**Supplied material:**
______

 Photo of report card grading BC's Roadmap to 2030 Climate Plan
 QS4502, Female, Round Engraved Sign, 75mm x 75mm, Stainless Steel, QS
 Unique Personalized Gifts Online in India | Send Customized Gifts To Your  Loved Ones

______

**Exercise aim:** Return every line of the data unchanged.

**Task output:**
 Photo of report card grading BC's Roadmap to 2030 Climate Plan
 QS4502, Female, Round Engraved Sign, 75mm x 75mm, Stainless Steel, QS
 Unique Personalized Gifts Online in India | Send Customized Gifts To Your  Loved Ones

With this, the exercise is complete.